Limitations of this study include the cross‐sectional design. While samples were collected only once in each patient group, the use of the acute ED head injury and a subacute/chronic symptomatic concussed group provided inferential data on the longitudinal course of mTBI. A prospective study of patients with mTBI, obtaining repeated samples over weeks and months could provide data on intrasubject patterns of post‐TBI gene expression. Another limitation is that it has not been definitively shown that a single mTBI can be a precursor to CTE. Although the Alzheimer's disease panel appears to be a potential marker for mTBI and PCS, whether the Alzheimer's disease panel is an indicator of potential future CTE is not known or addressed in our study.
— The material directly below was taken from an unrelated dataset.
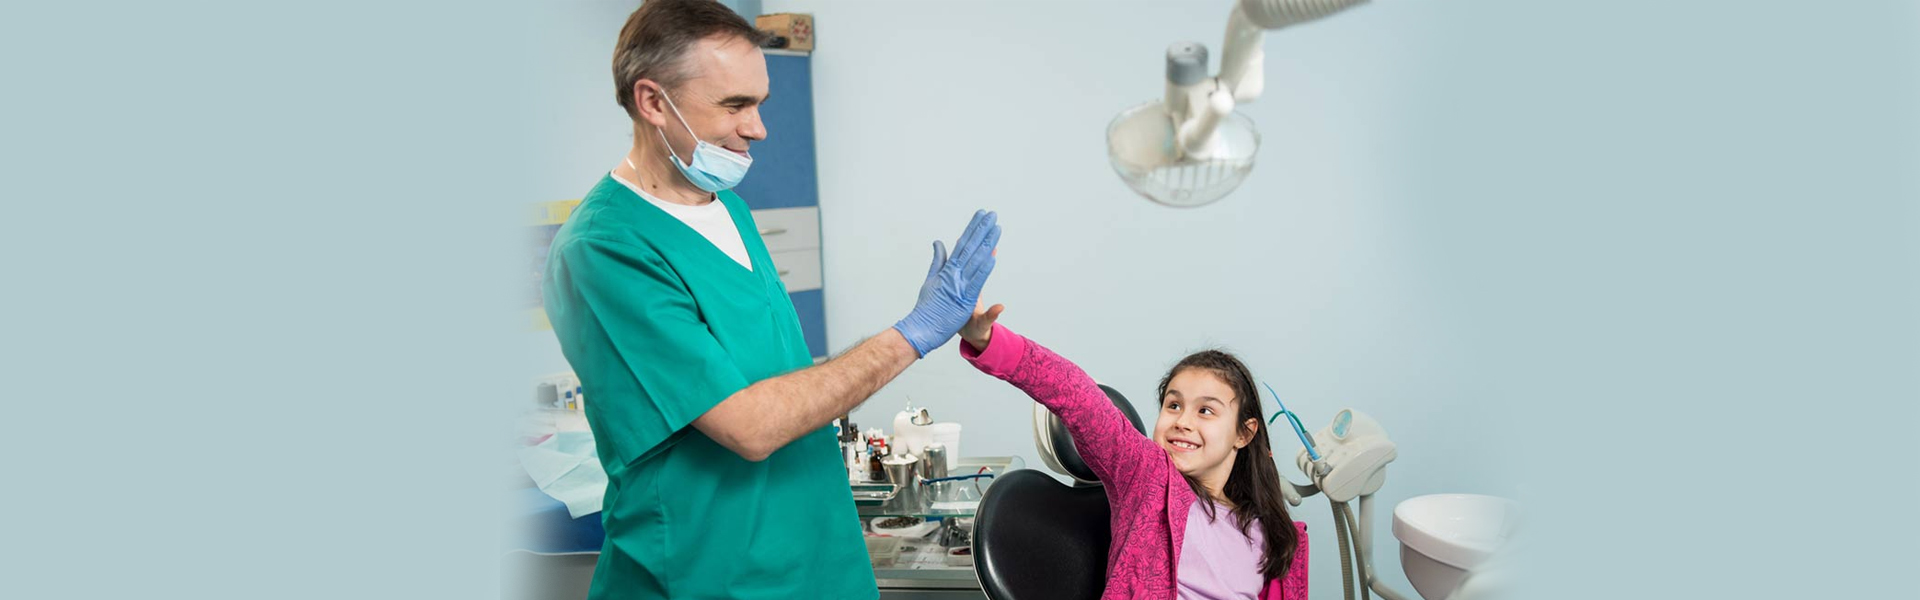 How To Choose the Best Hospital for Pediatric Emergency Dentistry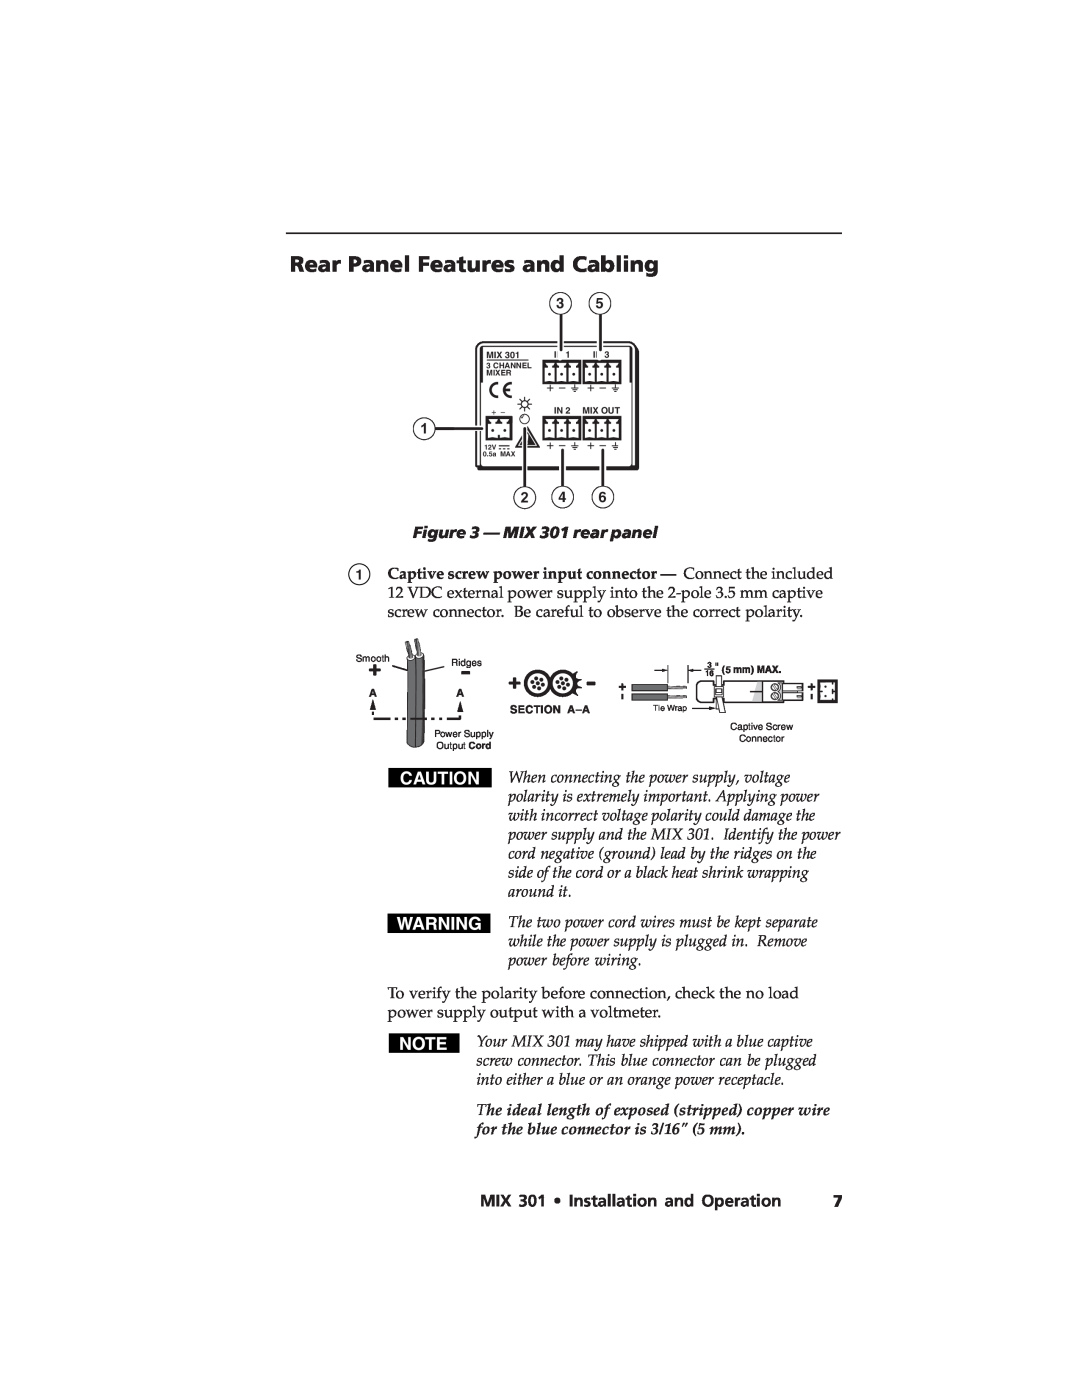 Extron electronic user manual Rear Panel Features and Cabling, MIX 301 rear panel, MIX 301 Installation and Operation

In this study, we have provided evidence that salivary EVs serve as a minimally invasive and reliable source for human mTBI‐biomarkers. The patterns of candidate biomarkers might indicate current risk factors for PCS, and their expression might be an indication of symptomatic and neurophysiologic recovery after mTBI. Delineating the evolution of salivary EVs gene expression after head trauma or diagnosis of concussion will be necessary for a fuller understanding of the significance to these elevated gene expression patterns.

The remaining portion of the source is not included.